# Thickest crap possible



## Joel/AK (Jan 12, 2013)

Asked a few friends that have excellent property and good results to walk ours and give ideas.

Think we have a plan worked out. Will take a couple of years but it should be good.

Basically our property is laid out wrong and by eliminating one road and making another and some habitat work it should start changing


----------



## daddyduck (Nov 2, 2001)

Joel/AK said:


> Main area of "pines". I want to work on both areas.
> View attachment 464211


The branches in that pile are from Norway Spruce


----------



## 2stix-and-a-string (Feb 11, 2020)

Autumn olive.....hands down. 2 rows 10 feet apart. Lots of sun and wala 
3 years and you will not be able to see through it at all.


----------



## Martin Looker (Jul 16, 2015)

That stuff is nasty it spreads everywhere.


----------



## cakebaker (Sep 13, 2011)

2stix-and-a-string said:


> Autumn olive.....hands down. 2 rows 10 feet apart. Lots of sun and wala
> 3 years and you will not be able to see through it at all.


Booyah!!!!


----------



## Steve (Jan 15, 2000)

2stix-and-a-string said:


> Autumn olive.....hands down. 2 rows 10 feet apart. Lots of sun and wala
> 3 years and you will not be able to see through it at all.

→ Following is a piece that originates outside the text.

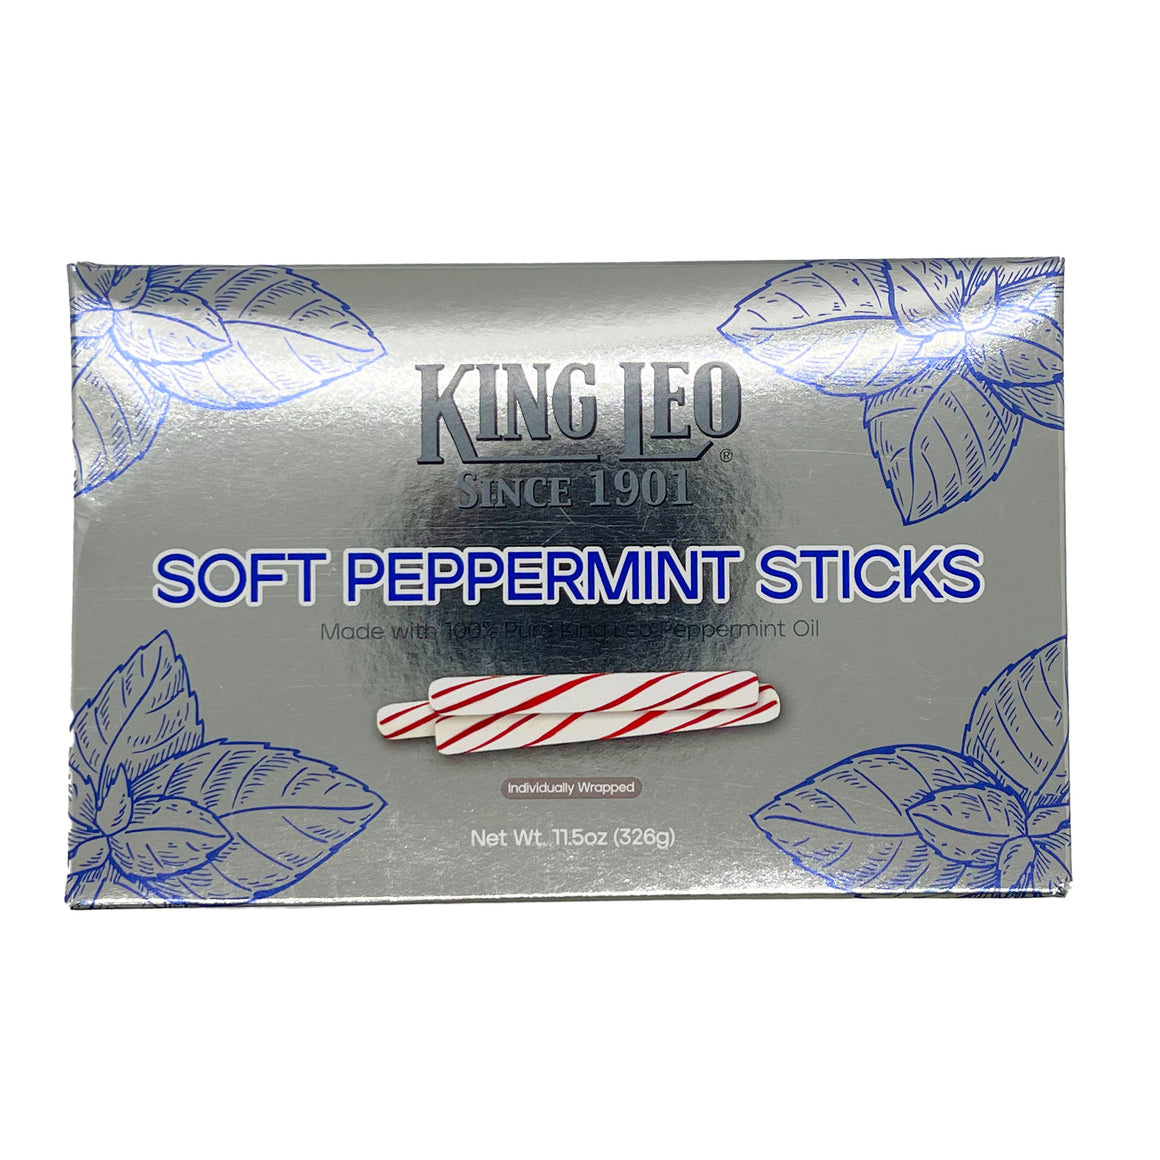 All City Candy King Leo Soft Peppermint Sticks Individually Wrapped 11.5 oz. Box Christmas Quality Candy Company For fresh candy and great service, visit www.allcitycandy.com

I bet it won't spread in my area. Nothing spreads in my area.


----------



## ice house (Dec 27, 2017)

that would be the last thing I would plant.


----------



## Martin Looker (Jul 16, 2015)

Try it and see.


----------



## Dish7 (Apr 2, 2017)

I've had AO on my property for 20 years. IMO, it is easy to control. Not that I have ever had to. Easy to kill if needed. It's not the devil bush people portray it to be.


----------



## Chessieman (Dec 8, 2009)

Dish7 said:


> I've had AO on my property for 20 years. IMO, it is easy to control. Not that I have ever had to. Easy to kill if needed. It's not the devil bush people portray it to be.


The roots plow up pretty easy once they are dead or close to it. I find that the life expectancy at my place is about 10 years.


----------



## Thirty pointer (Jan 1, 2015)

Dish7 said:


> I've had AO on my property for 20 years. IMO, it is easy to control. Not that I have ever had to. Easy to kill if needed. It's not the devil bush people portray it to be.


Agree i planted 1600 of them round the perimeter of my field about 25 years ago .I get patches of them under bird roosting trees but a double dose of gly kills them .Other than that an occasional bush here and there .They produce fewer berries now than they did years back .


----------



## Dish7 (Apr 2, 2017)




----------



## Plumbgranny (Dec 26, 2010)

Since the horse is still just barely breathing.....In my experience with AO (7 years owning my property) it's been much more beneficial than a headache. I have successfully cleared a good bit of it for food plots. Good bedding, it effectively screes my land from the road, solid bunny cover and at some point I'm going to use the autumn berries to make jam (I hear it's good and has health benefits). I do have to trim it back on my 2-tracks a few times a year, but I'd have to do that anyway. Again, just my personal experience, but it isn't overtaking any of the rest of my land or the neighbors. I've actually seen much more spreading of raspberries at my place which I don't mind one bit.


----------



## reddog1 (Jan 24, 2009)

I planted 50 autumn olive plants in my 5 acre running pen 20 years ago. I planted it along the perimeter and insmall groups throughout the pen. I've never had any issues with it taking over. I've also planted multiflora rose and high bush cranberry. The cranberry byfar has grown the best. The pen is thick and makes the hounds work hard to find rabbits.


----------